DATASET CONTENT ->
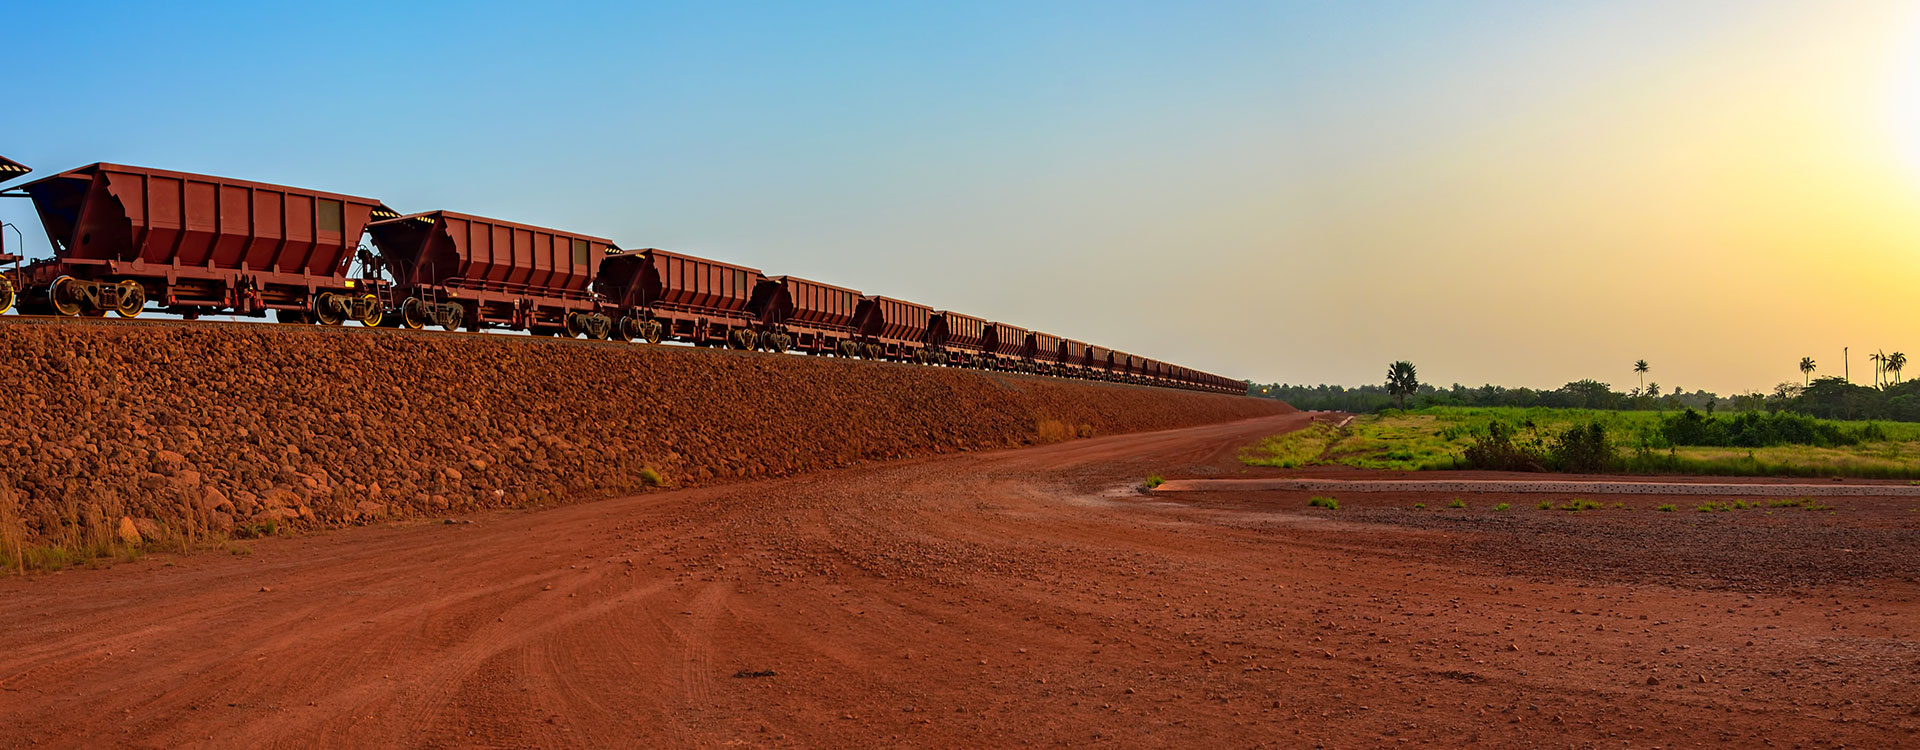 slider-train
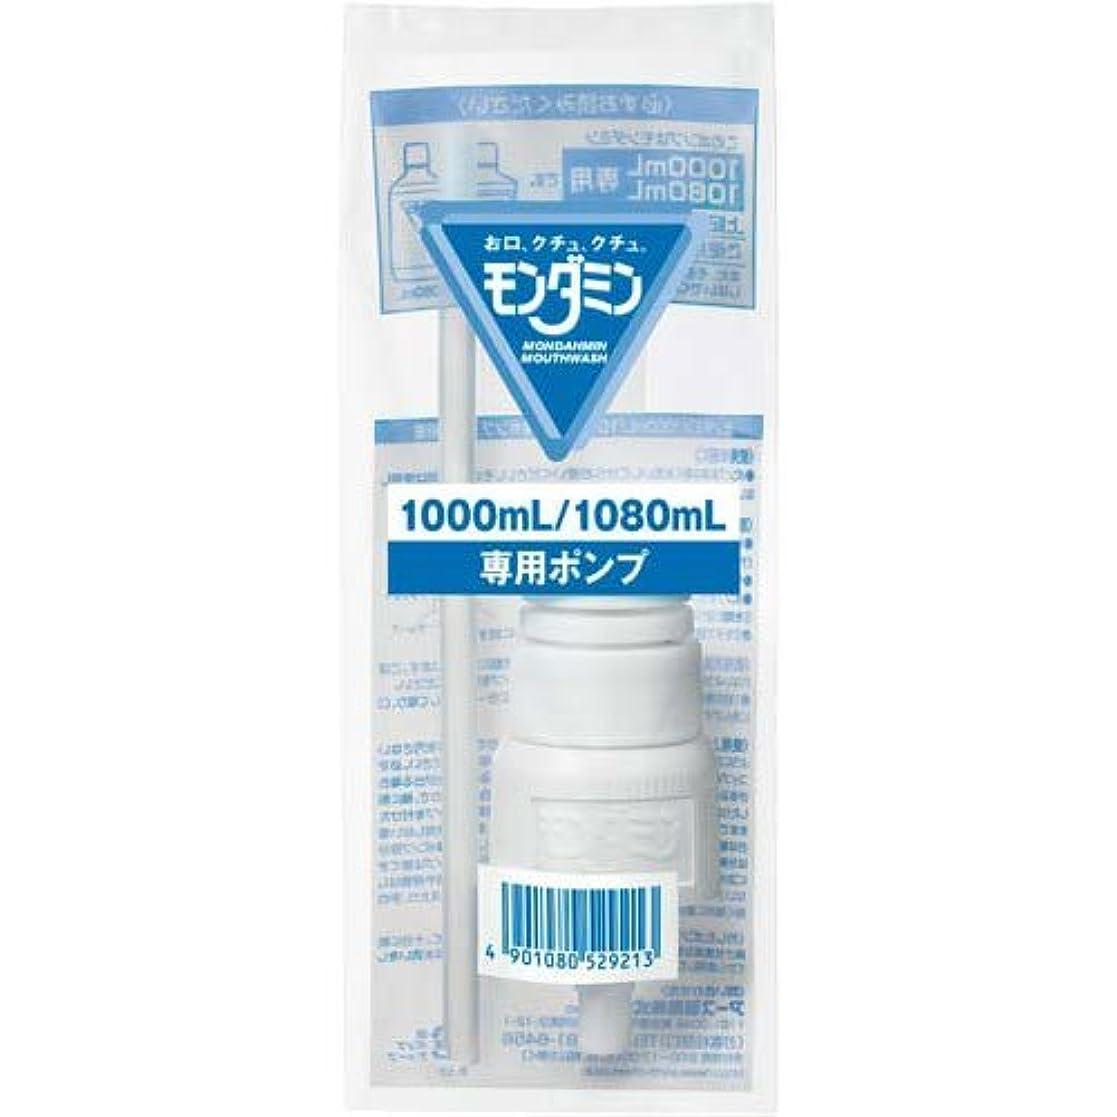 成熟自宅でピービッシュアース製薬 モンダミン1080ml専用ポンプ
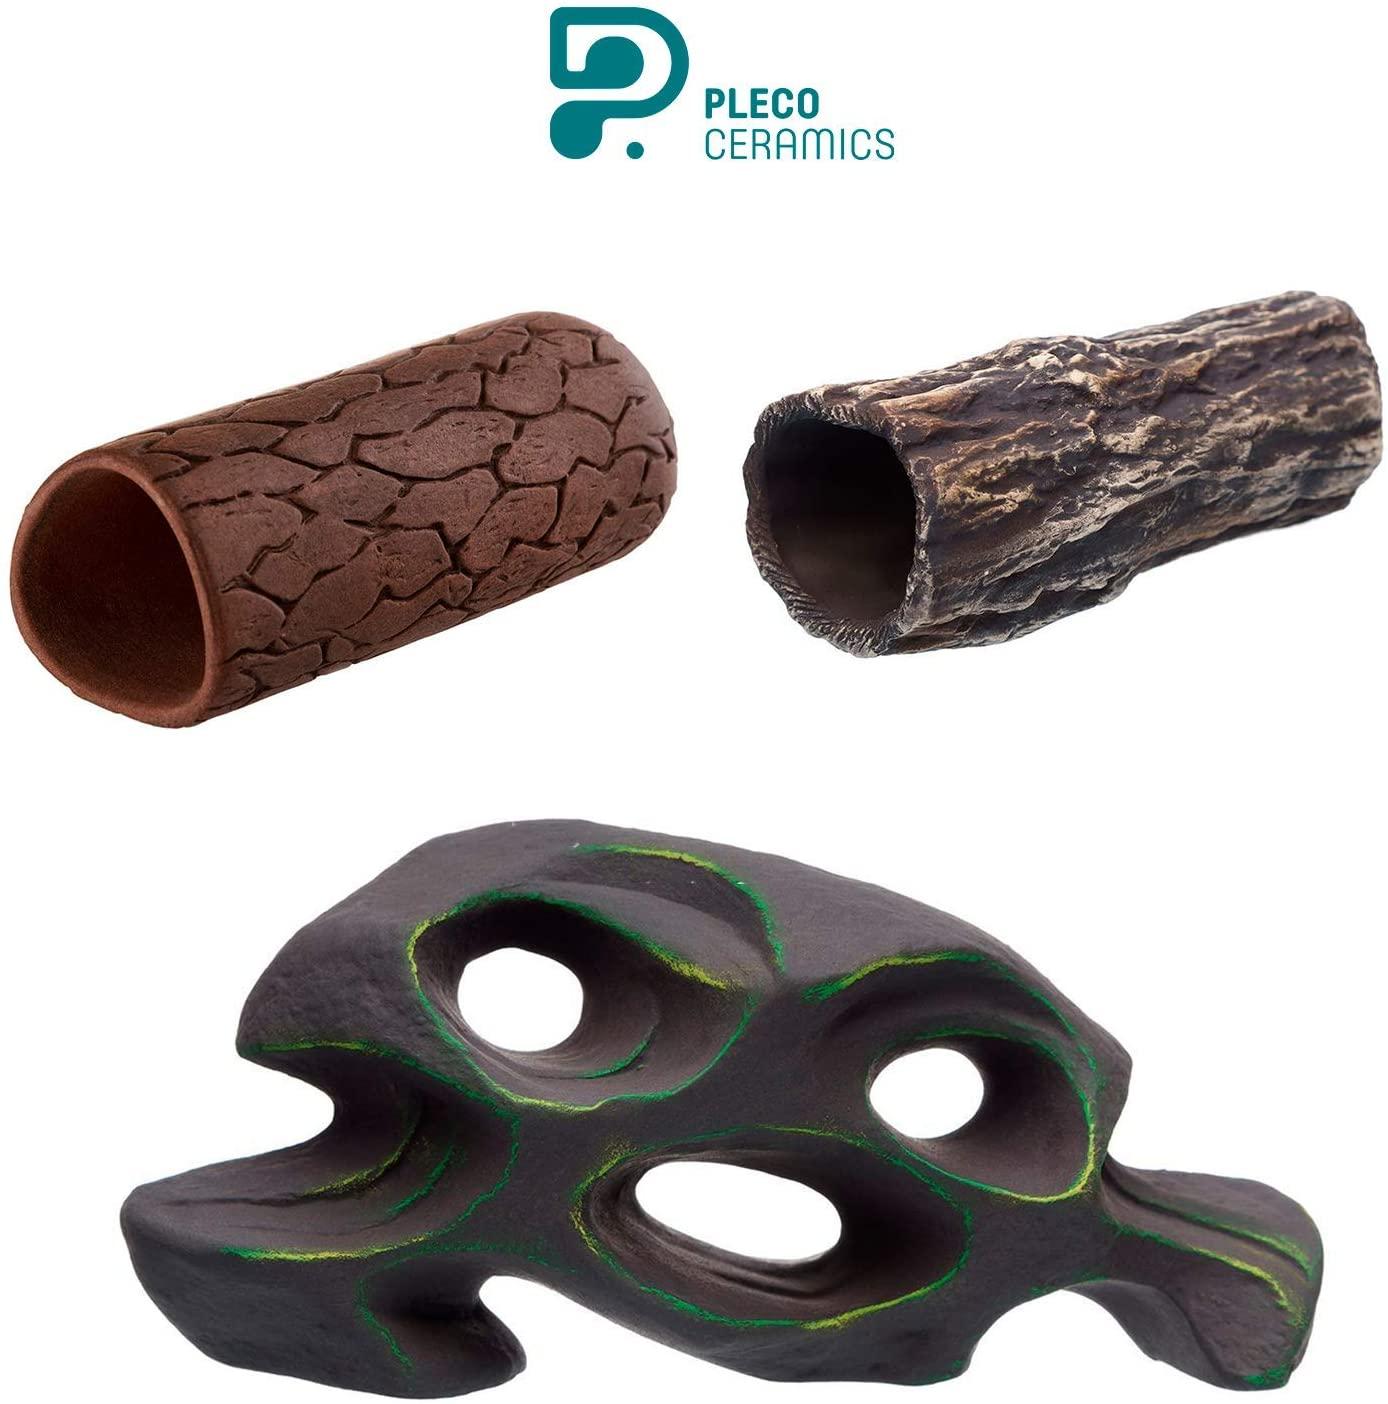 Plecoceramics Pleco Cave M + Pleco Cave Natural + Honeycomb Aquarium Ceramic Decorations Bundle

TASK DESCRIPTION ->
Apart from the images, retype the full material exactly as written.

RESPONSE TO THE EXERCISE ->
 slider-train
 成熟自宅でピービッシュアース製薬 モンダミン1080ml専用ポンプ
 Plecoceramics Pleco Cave M + Pleco Cave Natural + Honeycomb Aquarium Ceramic Decorations Bundle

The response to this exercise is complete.